Max Schuster und Eva Linde aus Heiligenberg kaufen immer frisch an der Supermarkt-Theke. Die sorgfältige Mülltrennung steht für Brigitte Eppler an erster Stelle. Große Kartonagen reiße sie in kleine Stücke und ihr Mann trete sogar die Dosen platt, damit für jede Partei im Mehrfamilienhaus genug Platz im gemeinsamen Mülleimer sei. Zudem achtet Eppler darauf, wenig Einwegflaschen und Tetra-Packs in ihren Einkaufswagen zu legen.

Brigitte Eppler aus Überlingen ist die korrekte Mülltrennung sehr wichtig. Sie kauft wenig Einwegflaschen und Tetra-Packs.
Brigitte Eppler aus Überlingen ist die korrekte Mülltrennung sehr wichtig. Sie kauft wenig Einwegflaschen und Tetra-Packs. | Bild: Sebastian Küster

 

Bodenseekreis stellt Kaffee-Pfandbecher vor

Ab sofort gibt es den wiederverwendbaren Pfand-Kaffeebecher, den der Bodenseekreis mit der Firma Recup aus München und weiteren Partnern ins Leben gerufen hat. Zu den ersten Anbietern gehören die Fähre Konstanz-Meersburg, auf der der neue Becher auch vorgestellt wurde, sieben Bäckereien, die Elektronikschule Tettnang und die Mensa "Seezeit" in Friedrichshafen.

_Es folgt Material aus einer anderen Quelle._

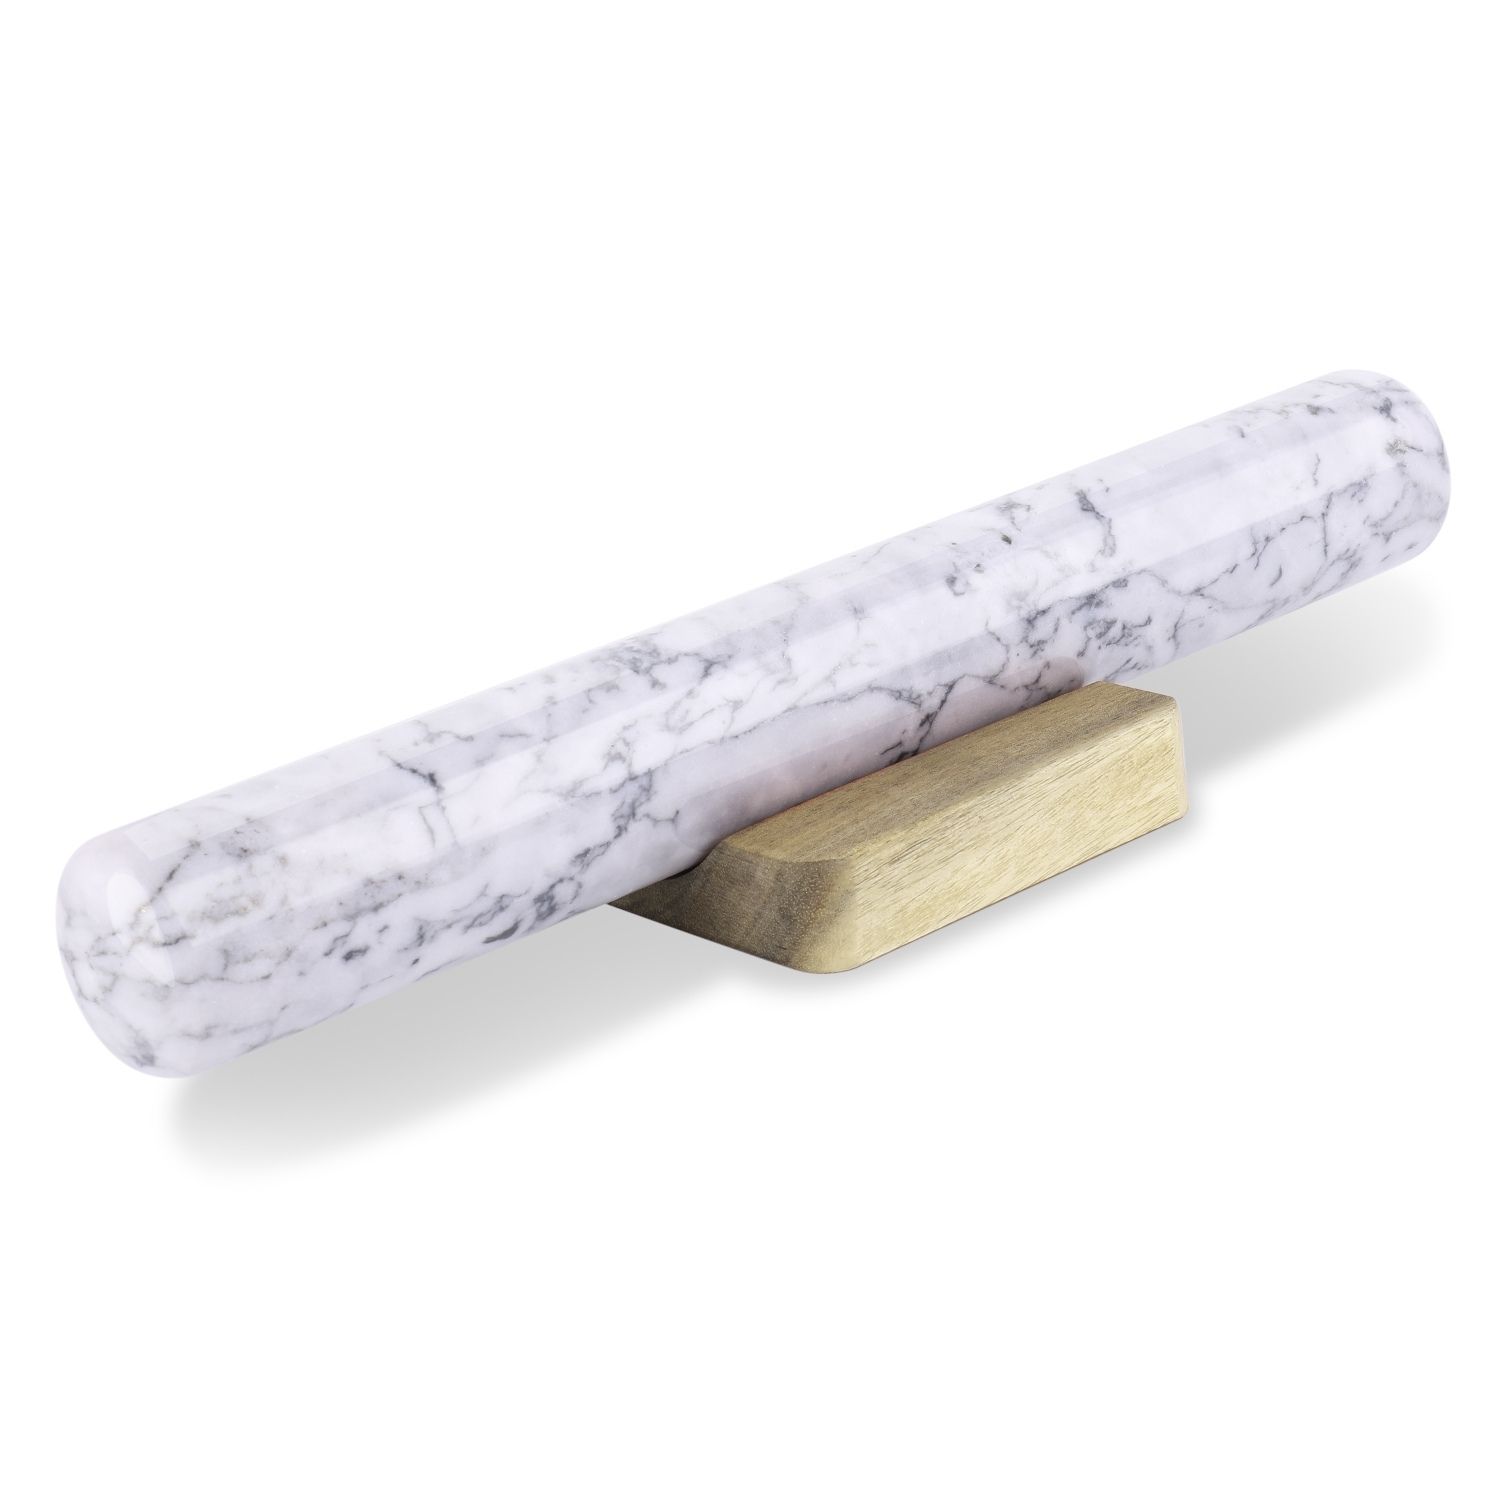 French Rolling Pin, 12-inch White Marble Dowel Rolling Pin with Wooden Holder Base Stand, Marble Rolling Pin for Baking Pastry Pizza Dough Roller Fondant Cookie Pie Crust Pasta Bakery Roller
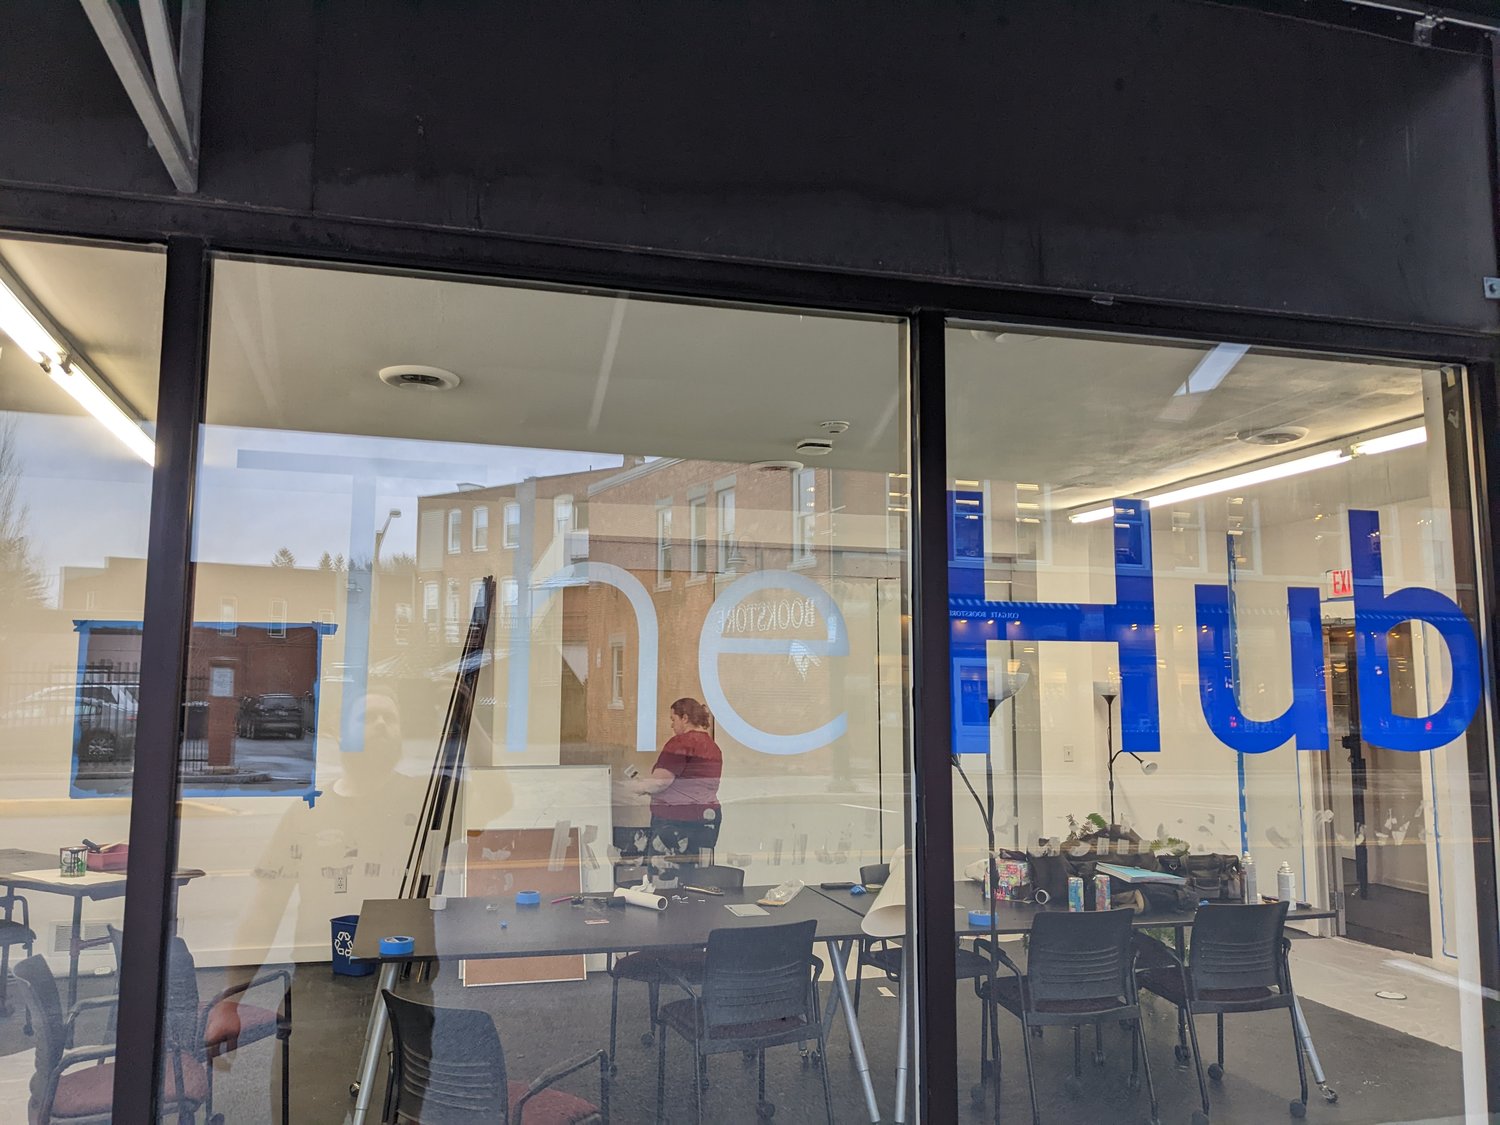 New Moon Farmstead will offer popup retail through Christmas in the front portion of The Hub, located at 20 Utica St., Hamilton. New Moon Farmstead partners with local farms to help sell their products as well as the company’s own products.

Der in Deutschland hergestellte Kunststoffbecher, den Motive aus dem Bodenseekreis schmücken, ist in zwei Größen erhältlich und kann laut der Hersteller-Firma Recup mindestens 500 Mal wiederverwendet werden. Kunden bekommen den Becher für einen Euro Pfand – und einen kleinen Rabatt für den Kaffee – und können ihn, ungespült, bei allen Teilnehmern mit Pfanderstattung zurückgeben oder neu füllen lassen. Im Moment gibt es noch keine Deckel für die Becher. Diese sollen in drei Monaten erhältlich sein. Das Abfallwirtschaftsamt des Bodenseekreises hatte die Idee für den Becher. Denn die Zahlen sprechen für sich: 2,8 Milliarden Kaffeebecher landen in Deutschland jährlich im Müll. Allein im Bodenseekreis entspreche das 800 Stück pro Stunde, so Landrat Lothar Wölfle. Diese Verschwendung ließ auch Florian Pachaly keine Ruhe. Noch auf der Uni entwickelte er sein Pfandsystem und gründete 2016 mit Fabian Eckert die Firma Recup. Ihre Vision: "Ganz viele Städte miteinander zu verbinden." Zum Bodenseekreis sagt er: "Es ist toll, dass hier eine ganze Region mitmacht." Das findet auch Georg Betz, Geschäftsführer der Kreishandwerkerschaft: "Unsere Bäcker begrüßen diese Initiative sehr", auch wenn noch nicht alle mitmachten. Manche hätten aber ihr eigenes Pfandsystem. Das hatte bereits auch die Überlinger Bäckerei Diener: "Aber dieses System ist noch mal was ganz anderes", erklärt Chefin Christa Diener, warum sie von Anfang an mitmacht. Die teilnehmenden Bäckereien sind in Friedrichshafen: Kloos, Knor, Webers Backstube, in Frickingen: Baader, in Hagnau: "Löwen", in Markdorf: Kloos, in Meckenbeuren: Stefans Beck, in Salem: Baader, in Überlingen: Diener. Die Recup-App (app.recup.de) zeigt alle rund 600 Partner in ganz Deutschland auf. Weitere Informationen gibt es unter: www.recup.de.